Oklahoma restaurant offers free meal to dumpster diver: How restaurants help the hungry

Many restaurants around the world offer programs to help the needy and to allow customers to help each other. Here's how some of the programs work.

Bebeto Matthews/AP Photo
In this March 12, 2015 photo a line forms at the entrance to The Little Beet during lunchtime at the restaurant in New York. For years, healthy chains have sputtered and flopped but The Little Beet chef Franklin Becker, who’s opening seven more restaurants in the New York area this year, says the demand is growing. “That’s what people want to eat. They want honest foods now.”

When Ashley Jiron, owner of the Warr Acres, Okla.-based restaurant P.B. Jams, noticed that someone had been going through the restaurant’s dumpsters looking for food, she decided to offer the stranger a meal. P.B. Jams is one of many restaurants around the world that have extended a helping hand to the hungry.

Jiron posted a sign on the dumpster as well as the restaurant door offering the person a free peanut butter and jelly sandwich, fresh vegetables, and a glass of water, no questions asked, because they are “a human being, and worth more than a meal from a dumpster.”

“I think we’ve all been in that position where we needed someone’s help and we just needed someone to extend that hand and if I can be that one person to extend that hand to another human being then I will definitely do it,” Jiron told KFOR News.

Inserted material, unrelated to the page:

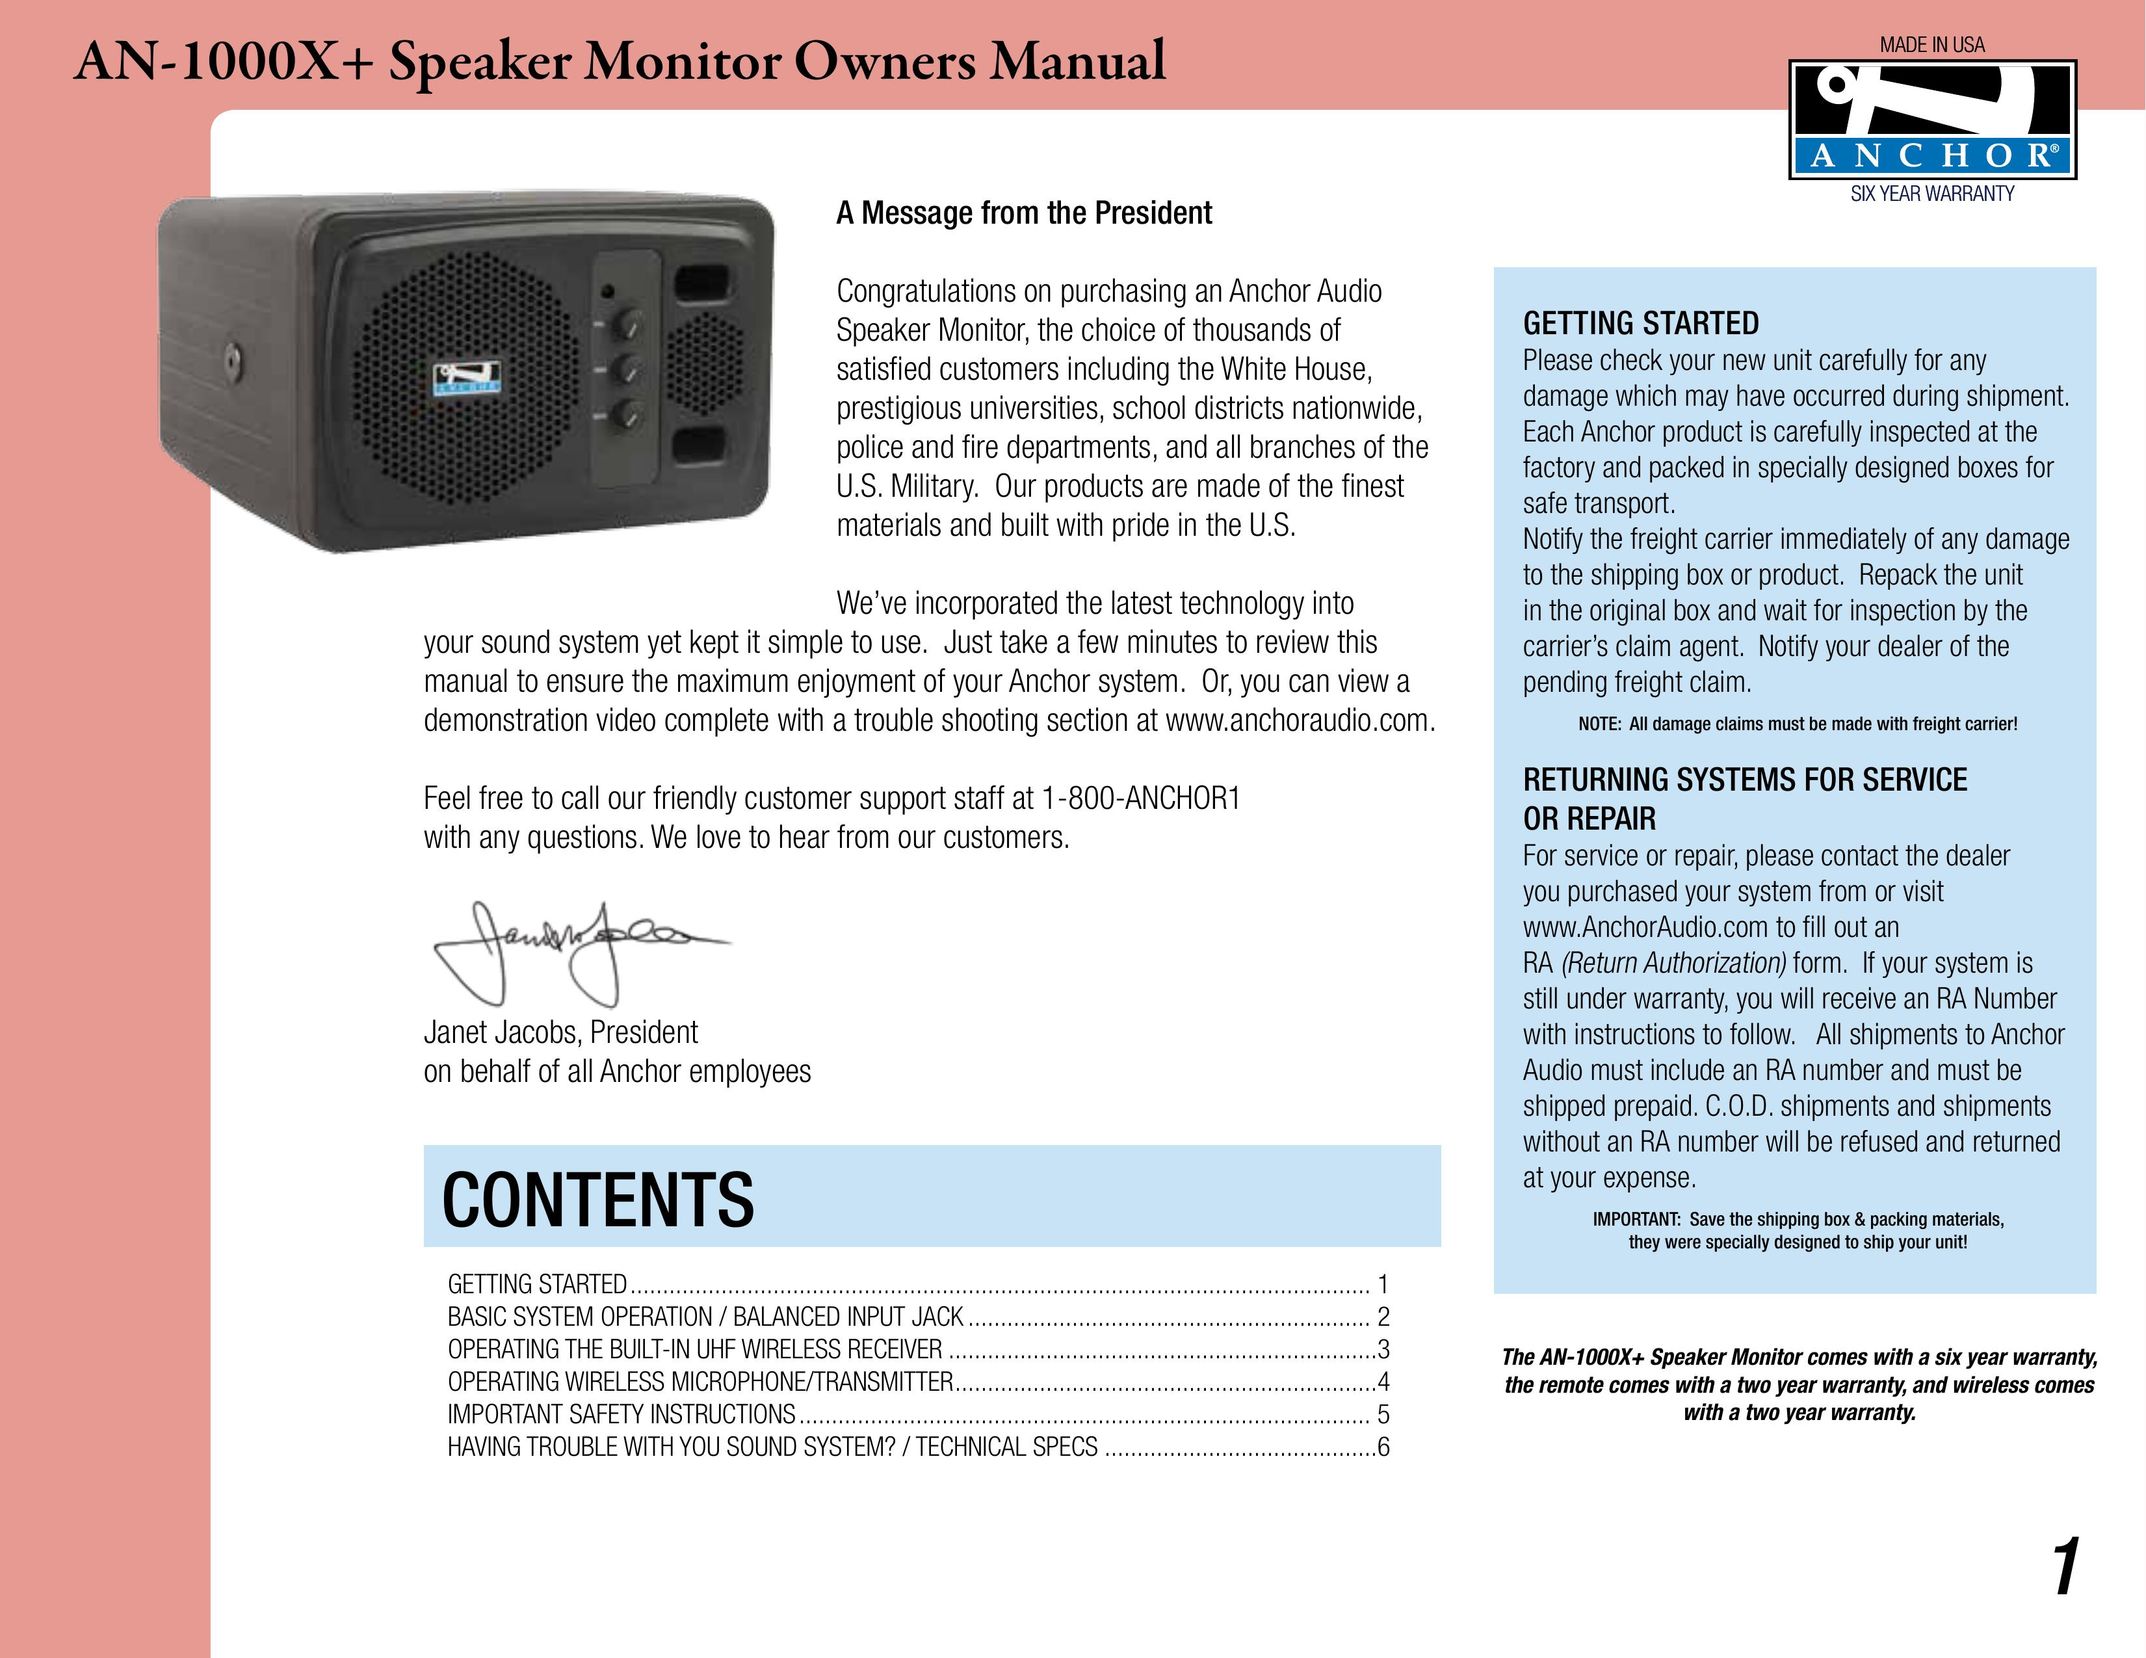 Anchor Audio AN-1000XF1+ Speaker System User Manual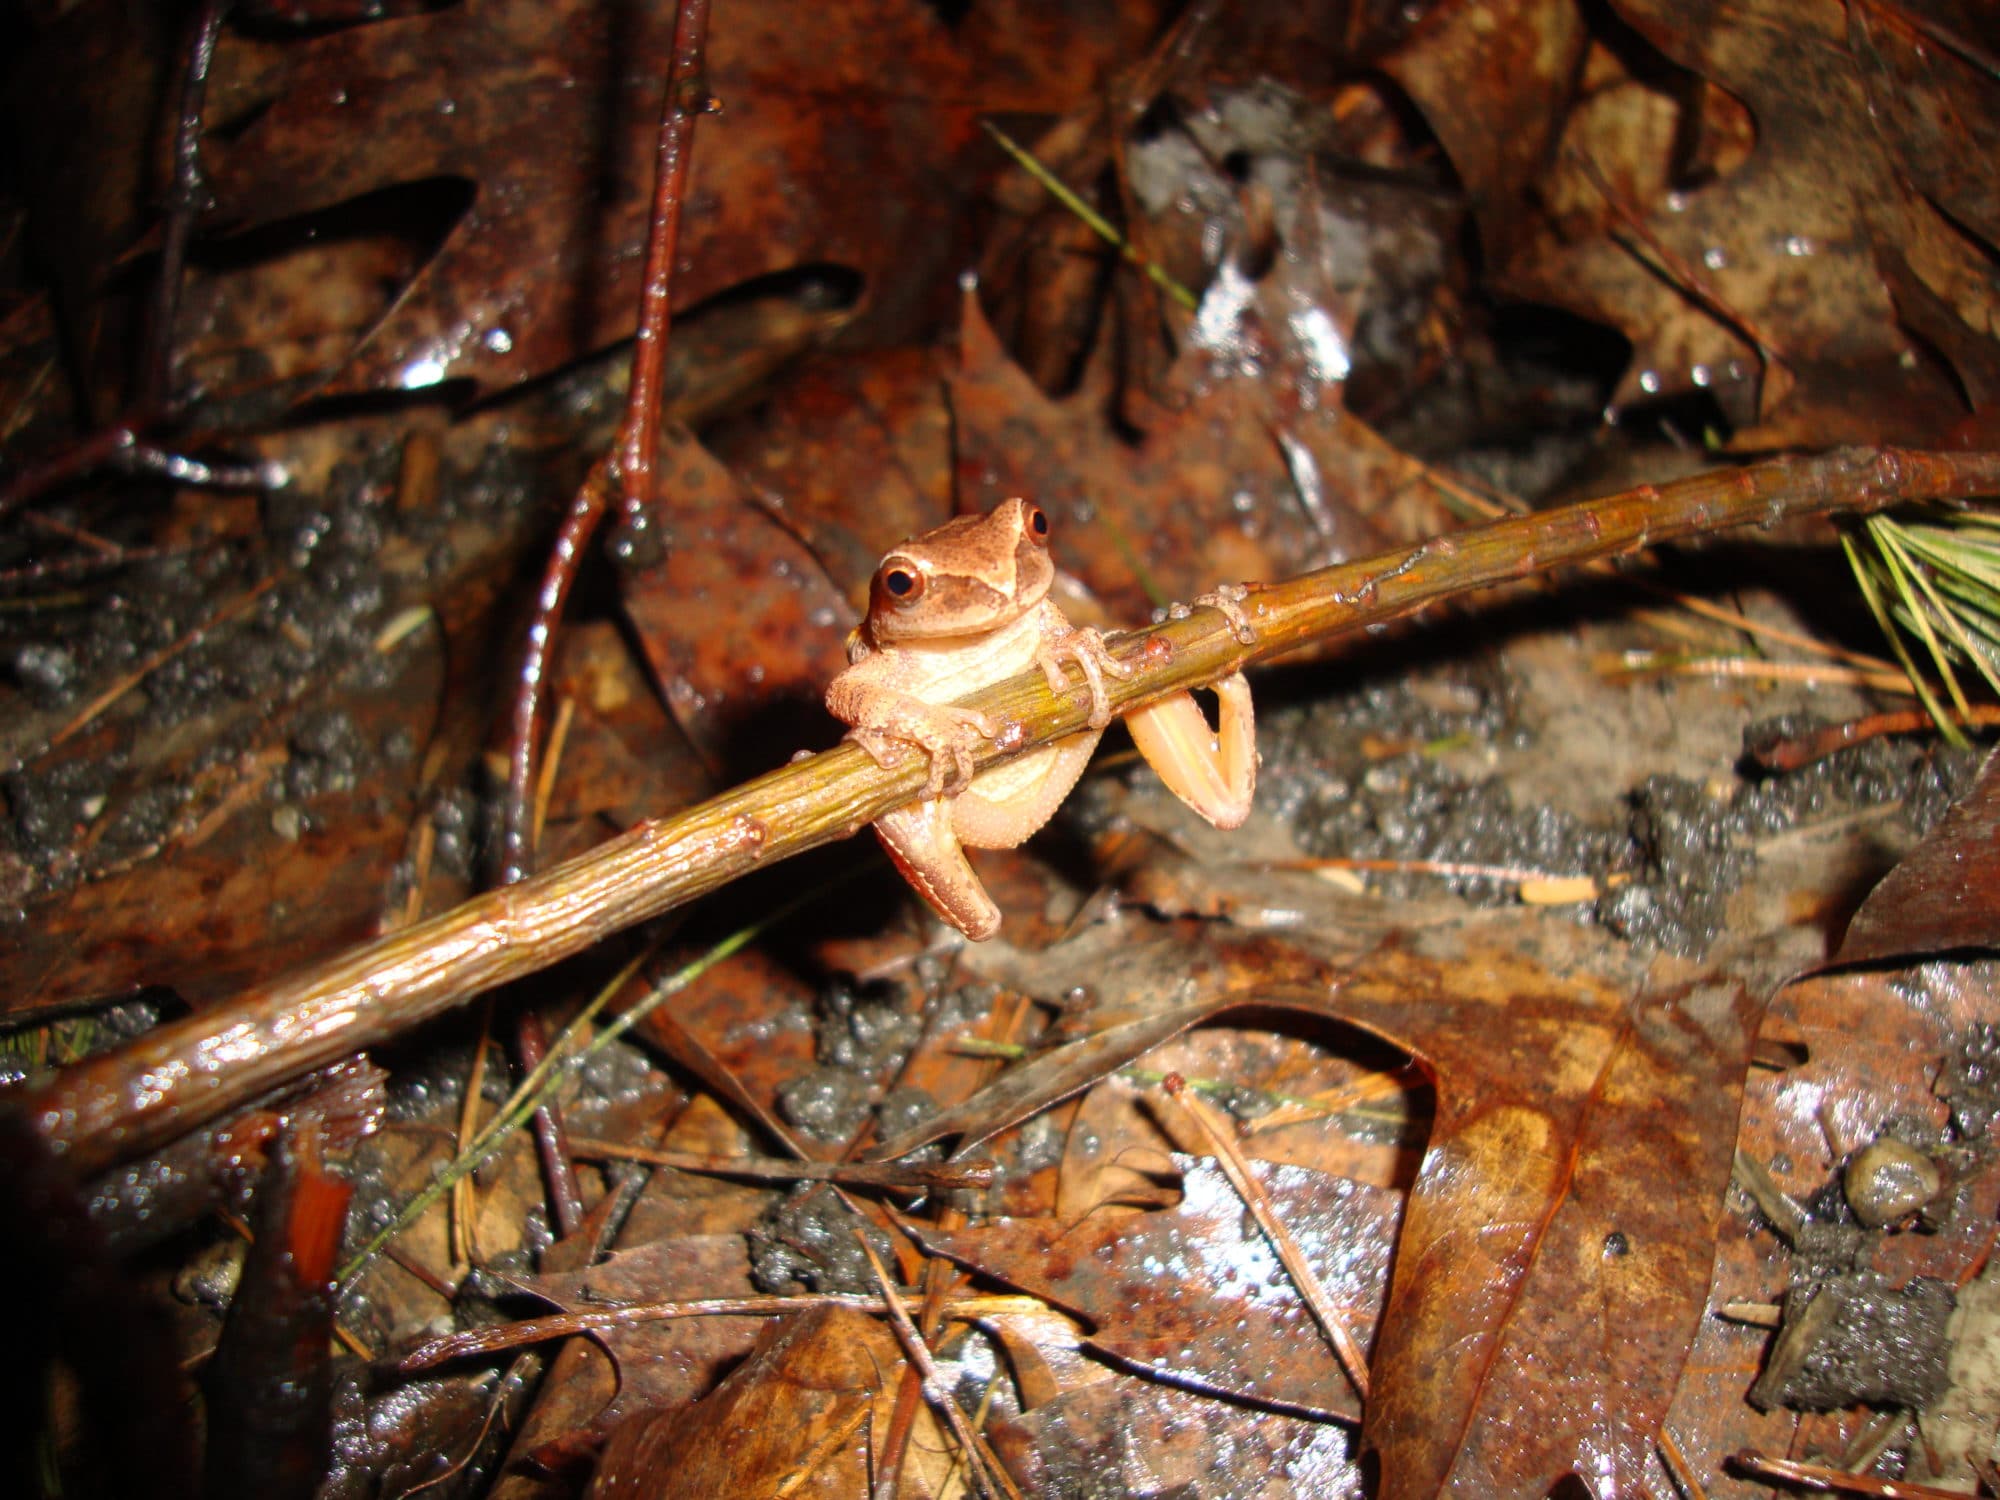 A spring peeper clings to a branch. (photo © Kevin Pearson)

While the person has not yet come in to claim their PB&J, Jiron is determined to keep the sign up until they do, realizing that pride and embarrassment could be keeping them away. This has been an issue for other restaurants that attempt to feed those who struggle to afford food.

Panera Bread began offering a pay-what-you-can option for its turkey chili in 2013. The dish had a $5.89 suggested price, but customers were encouraged to pay more if they could afford it so that those who genuinely couldn't would be able to get the filling meal for less, or for free. However, after an initial surge of interest in the program, customers forgot that it was an option. Many Panera locations are in affluent areas where there were fewer people to benefit from reduced price meals.

However, the idea has caught on around the world and proven more successful elsewhere, including SAME Cafe in Denver, Colo.; Soul Kitchen in Red Bank, N.J.; Pay As You Please in Killarney, Ireland; and De Culinaire Werkplaats, Amsterdam.

In Philadelphia, Mason Wartman, who owns Rosa’s Fresh Pizza, adopted the policy that, for $1, customers can pay for a slice of pizza for the next person who comes in and cannot afford it. Wartman puts post-it notes on the wall to represent each prepaid slice. Those in need can come in, take a post-it, and trade it for a slice of pizza. Customers have donated 8,500 slices of pizza in the first nine months of the program, and the restaurant feeds 30 to 40 homeless people every day.

According to Wartman, who was interviewed on "The Ellen DeGeneres Show" in January, the program has created a culture of paying it forward. Some customers who were previously homeless and have since pulled themselves out of extreme poverty have returned to Rosa’s to buy a slice for another in need.

In Doha, Qatar, one of the richest places on earth, the restaurant Zaiqa offers free food to those who cannot afford it. Owners Shadab and Nishab Khan, serve a large population of migrant workers in the industrial area of Doha, which fuels the country’s expansion at the expense of the workers who are often not paid on time, or at all.

The brothers have also seen people refuse to take the food for nothing, and are working to make the process of accepting free food less embarrassing for their customers.

"We are putting a refrigerator outside, so this refrigerator won't have a lock. It will be facing the road and it will have packets of food with dates on them,” Shadab Khan told Yahoo News. “So anybody who wants to take it, he doesn't have to come inside.”